Cell-Cell Adhesion and Cortical Actin Bending Govern Cell Elongation on Negatively Curved Substrates

Abstract

Physiologically, cells experience and respond to a variety of mechanical stimuli such as rigidity and topography of the extracellular matrix. However, little is known about the effects of substrate curvature on cell behavior. We developed a novel, to our knowledge, method to fabricate cell culture substrates with semicylindrical grooves of negative curvatures (radius of curvature, Rc = 20–100 μm). We found that negative substrate curvatures induced elongation of mesenchymal and epithelial cells along the cylinder axis. As Rc decreases, mesenchymal National Institutes of Health 3T3 fibroblasts increasingly elongate along the long axis of the grooves, whereas elongation of epithelial Madin-Darby Canine Kidney (MDCK) cells is biphasic with maximal cell elongation when Rc = 40 μm.

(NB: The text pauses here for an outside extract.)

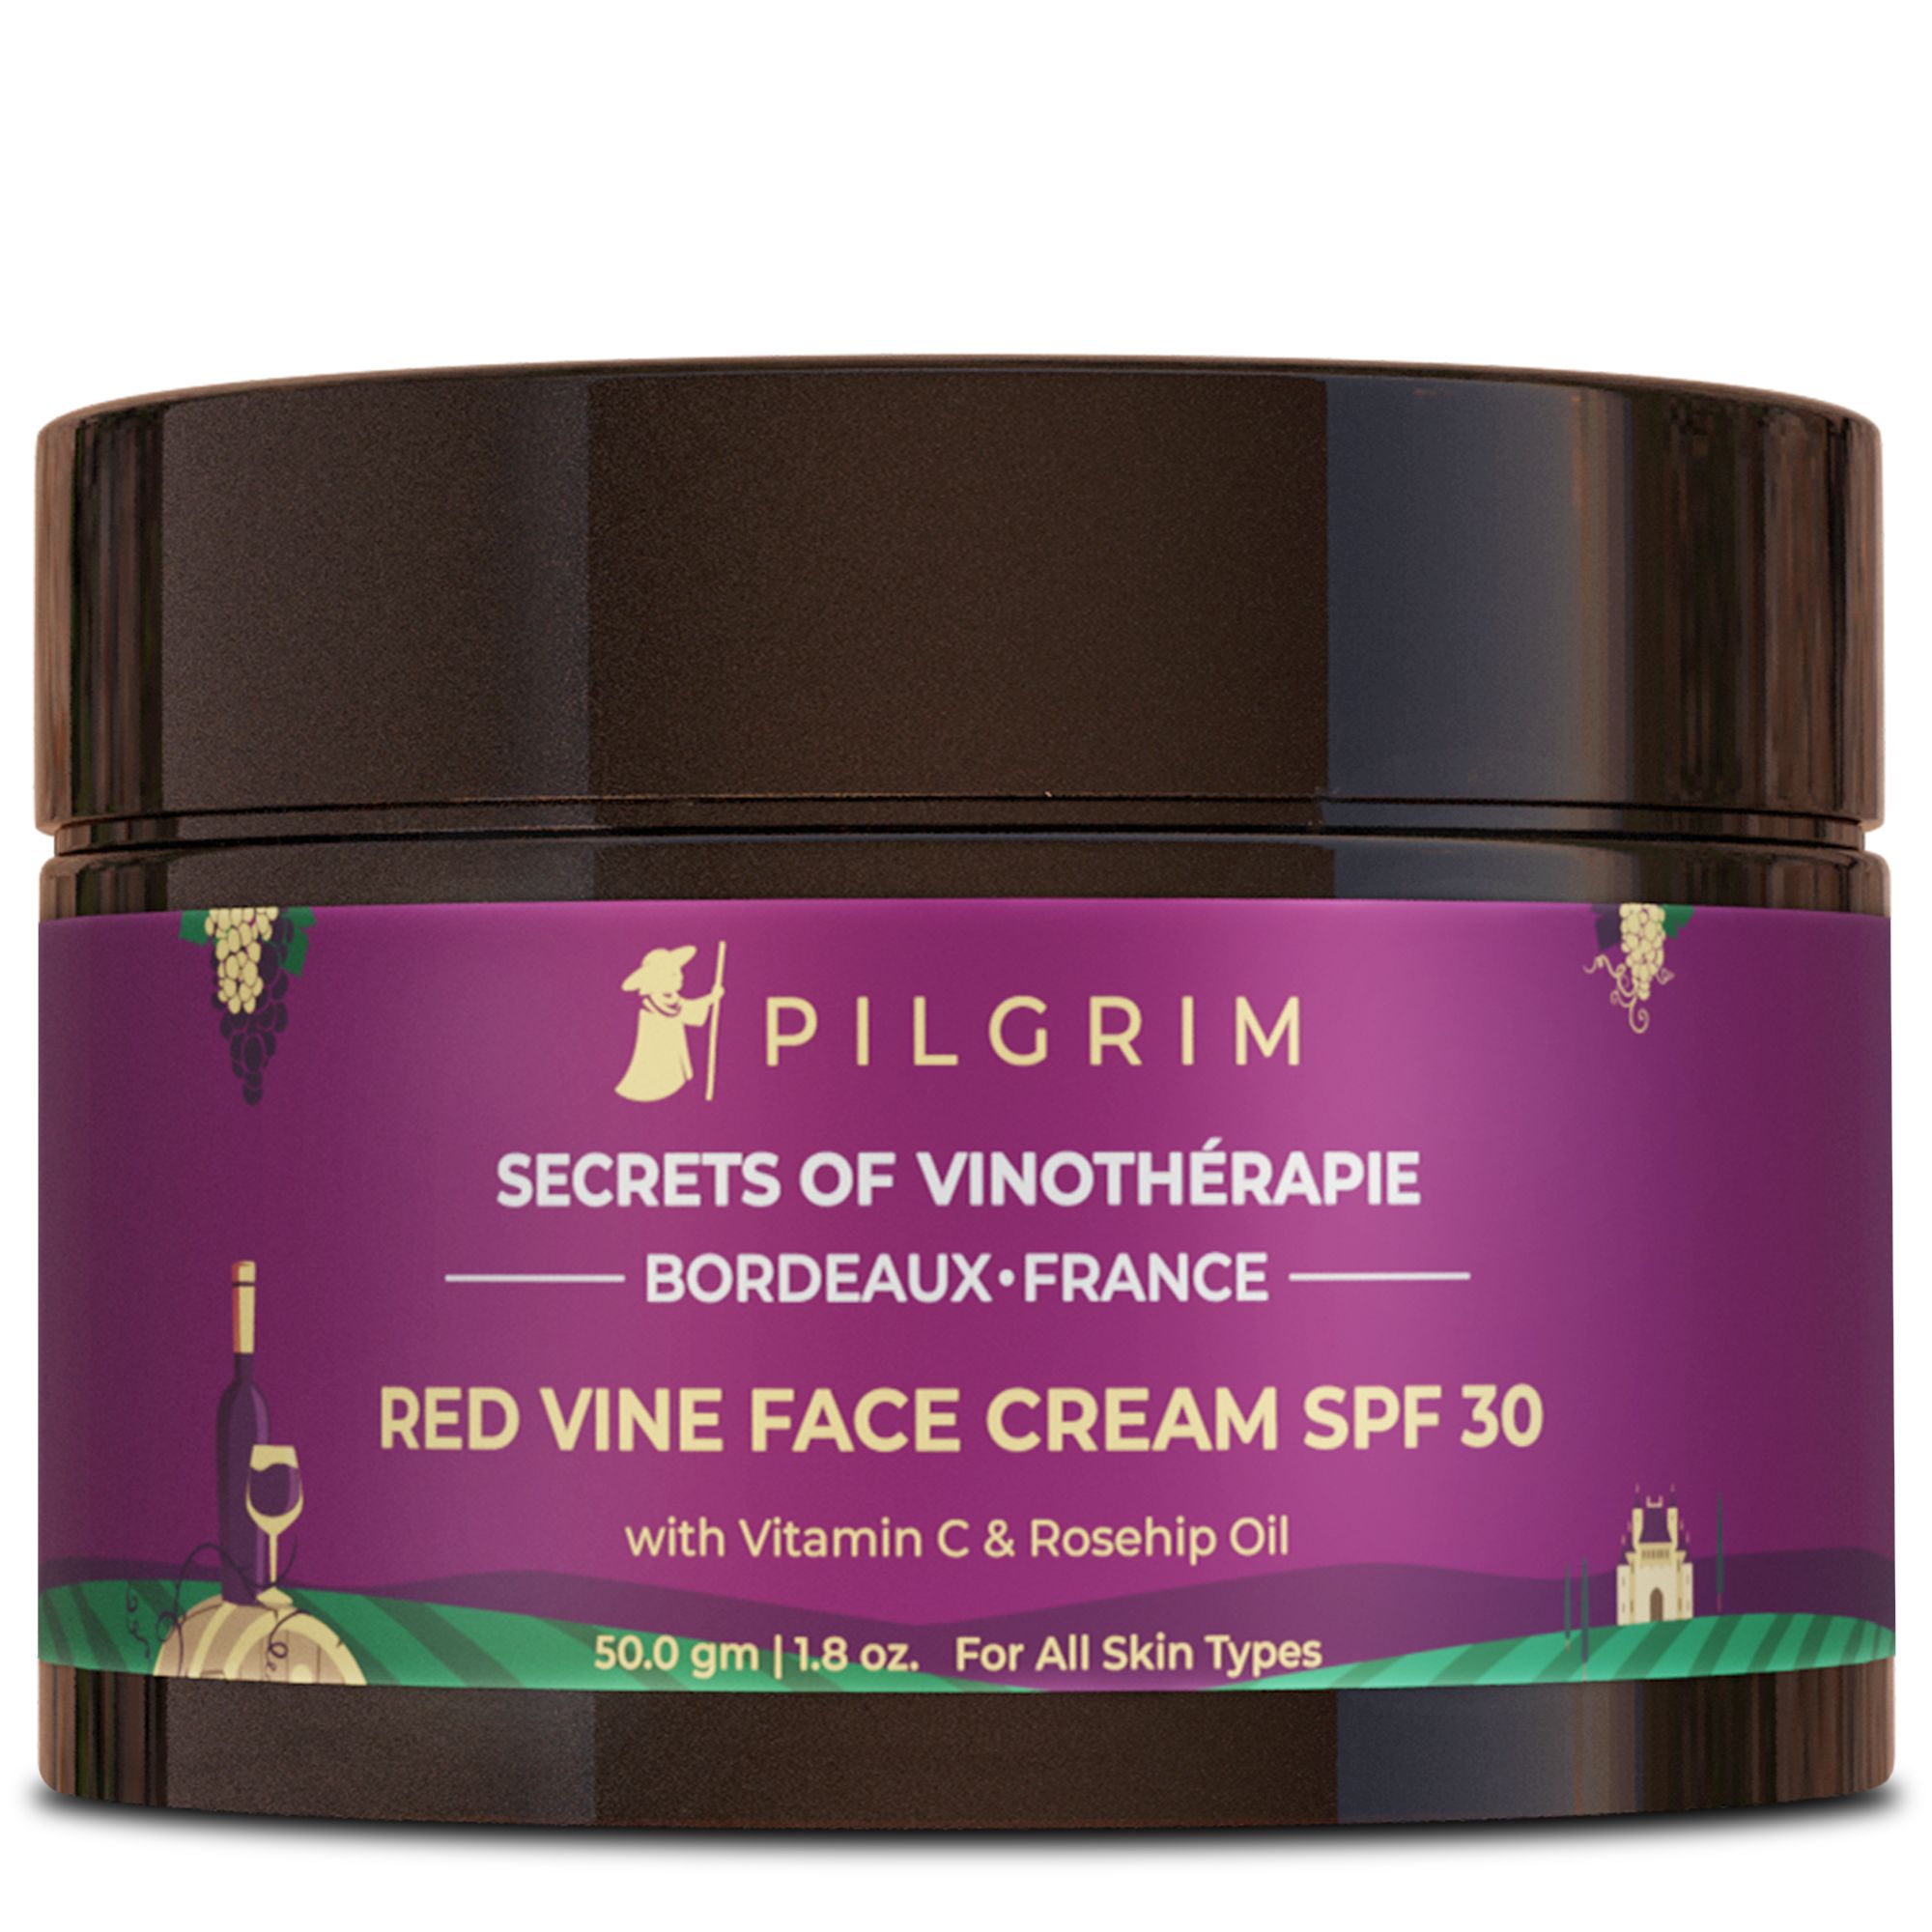 Pilgrim Secrets of Vinothérapie, Bordeaux, France Face Cream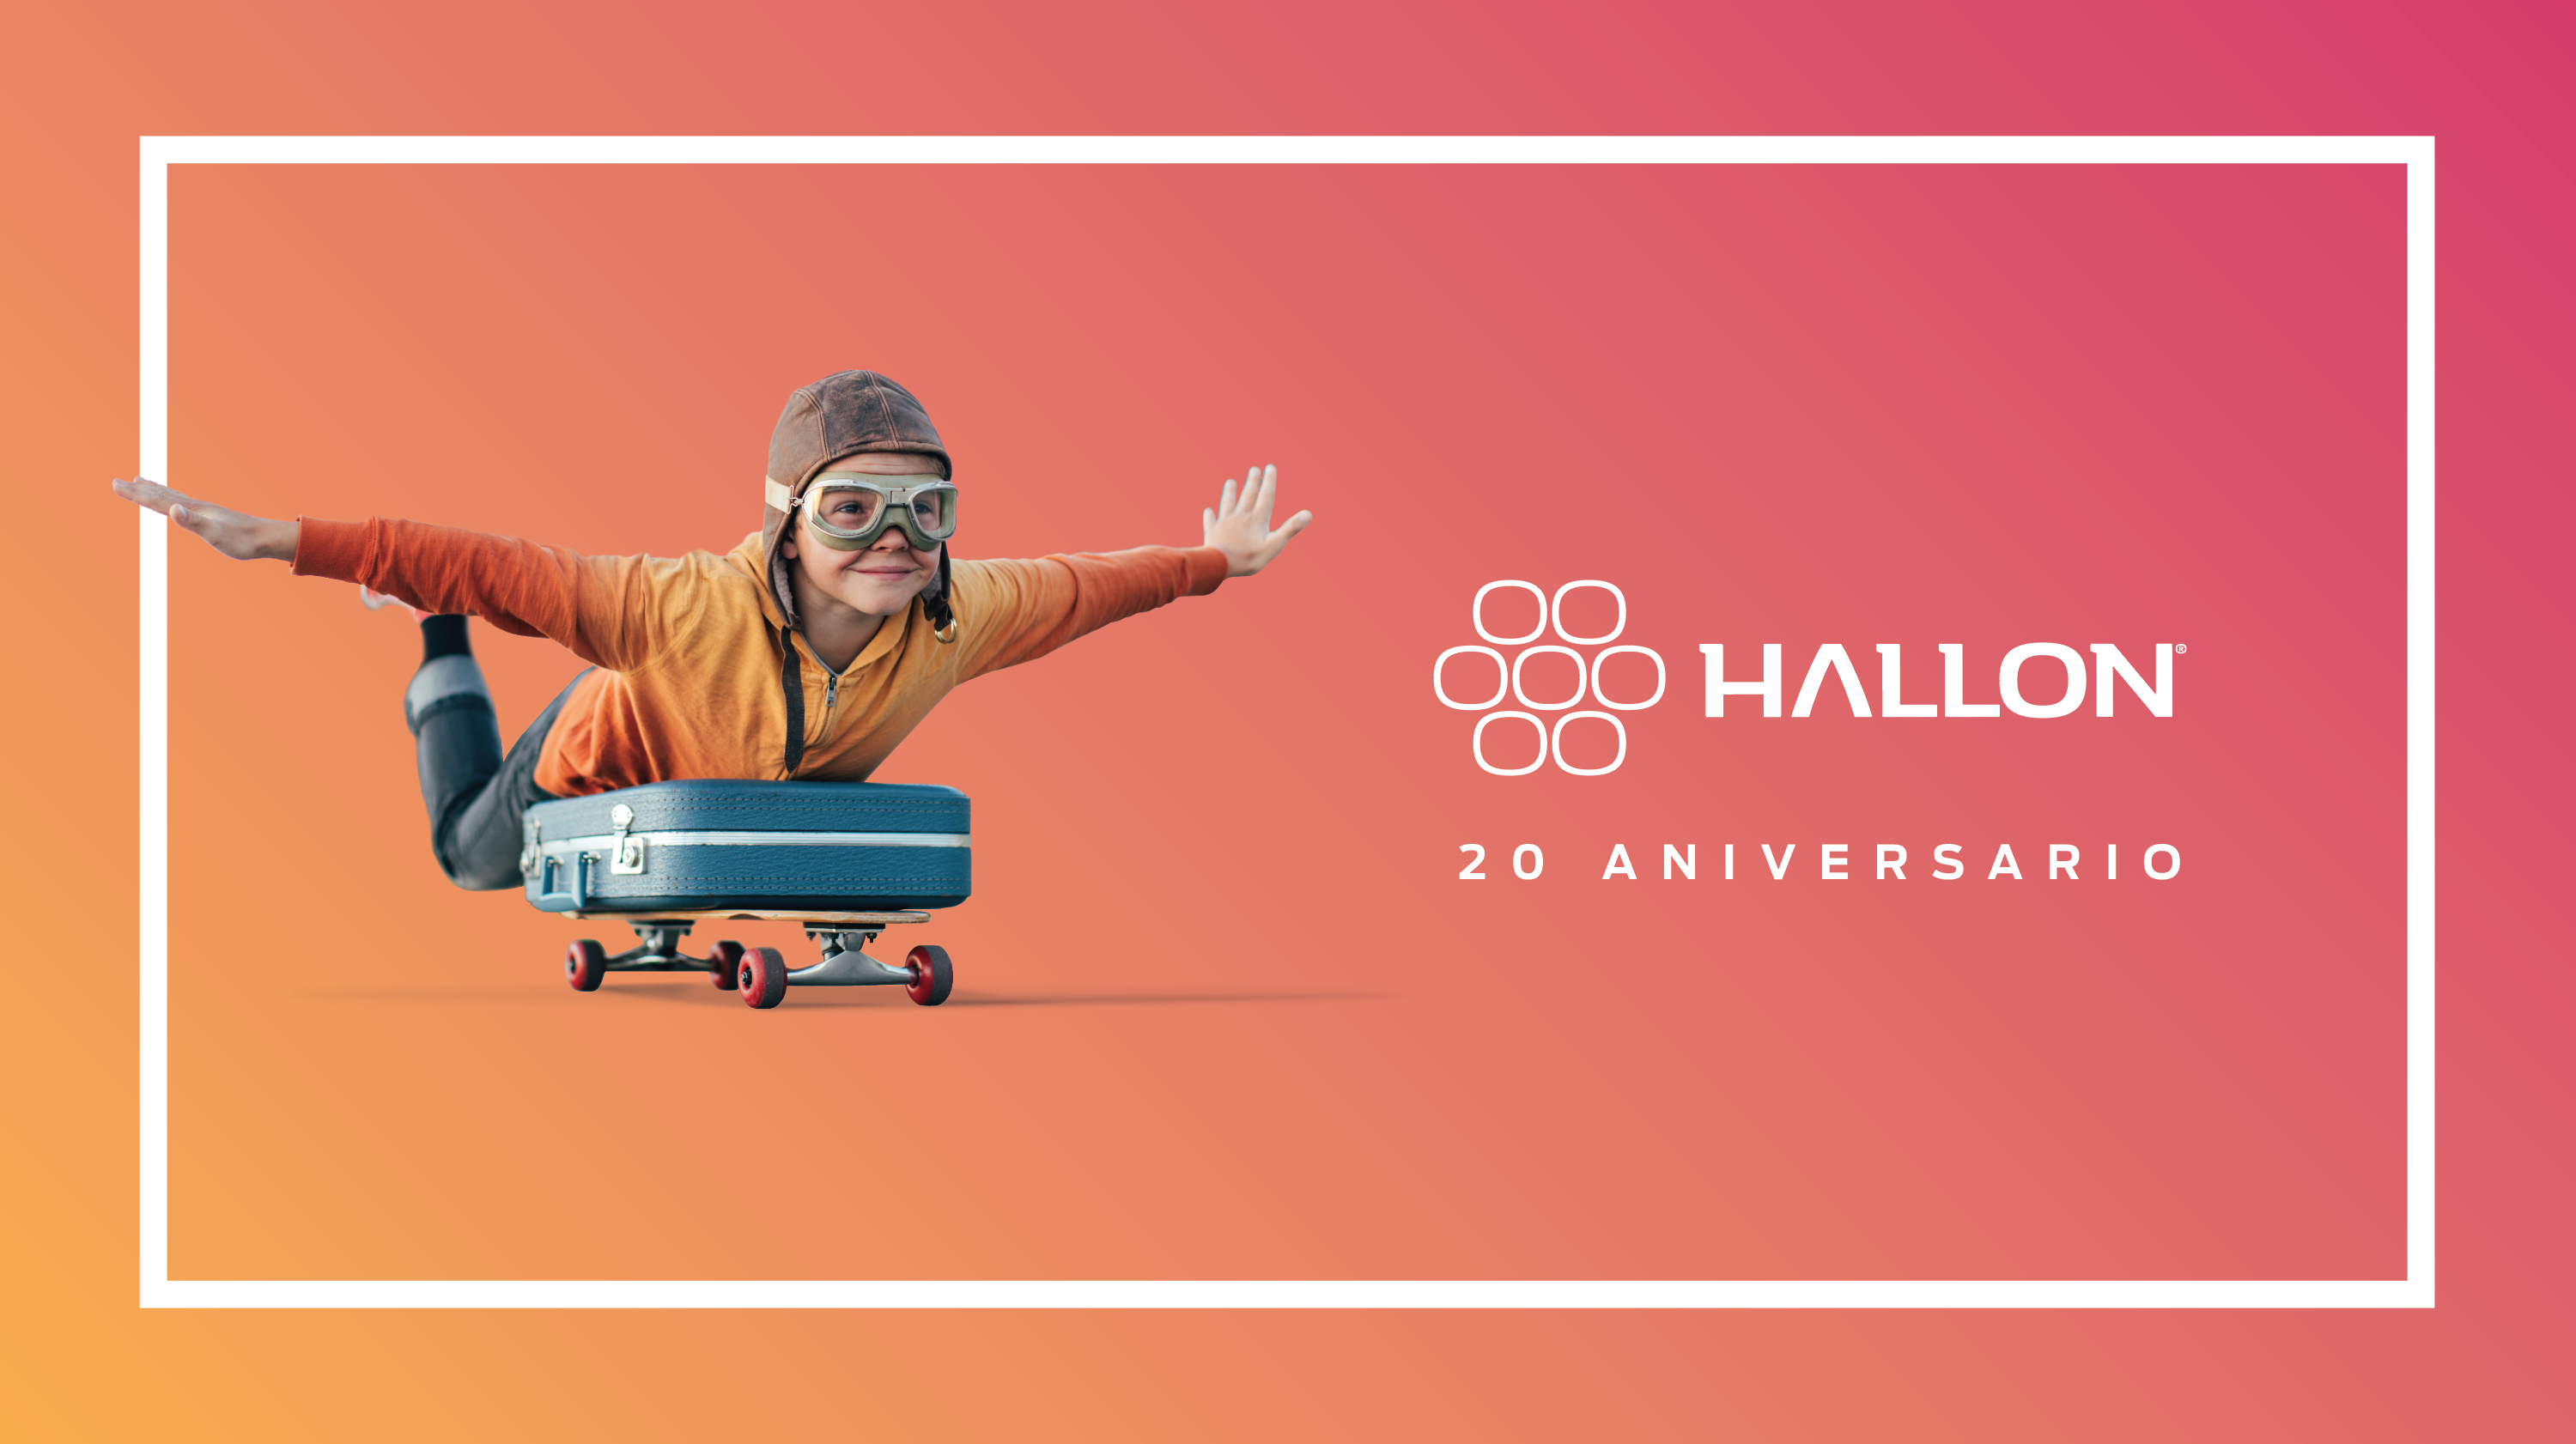 Top Comunicación | Hallon cumple 20 años y continúa con su expansión internacional

Addition of blebbistatin to MDCK cells to reduce cortical actin rigidity resulted in a decrease in cell elongation across all curvatures while preserving the biphasic trend. However, addition of calyculin A or ethylene glycol-bis(2-aminoethylether)-N,N,N′,N′-tetraacetic acid, to increase cortical rigidity or reduce intercellular adhesion, respectively, resulted in a monotonic increase in MDCK cell elongation with decreasing Rc. Using an energy minimization model, we showed that cell elongation in epithelial cell sheet is governed by the competition between two energies as Rc decreases: curvature-dependent intercellular adhesion that prevents elongation; and intracellular cortical actin bending that enhances elongation. Therefore, our results of cellular elongation induced by negatively curved substrates offer insights into how tubule elongation or growth of tubular structures such as kidney tubules can be controlled by the substrate curvature in vivo.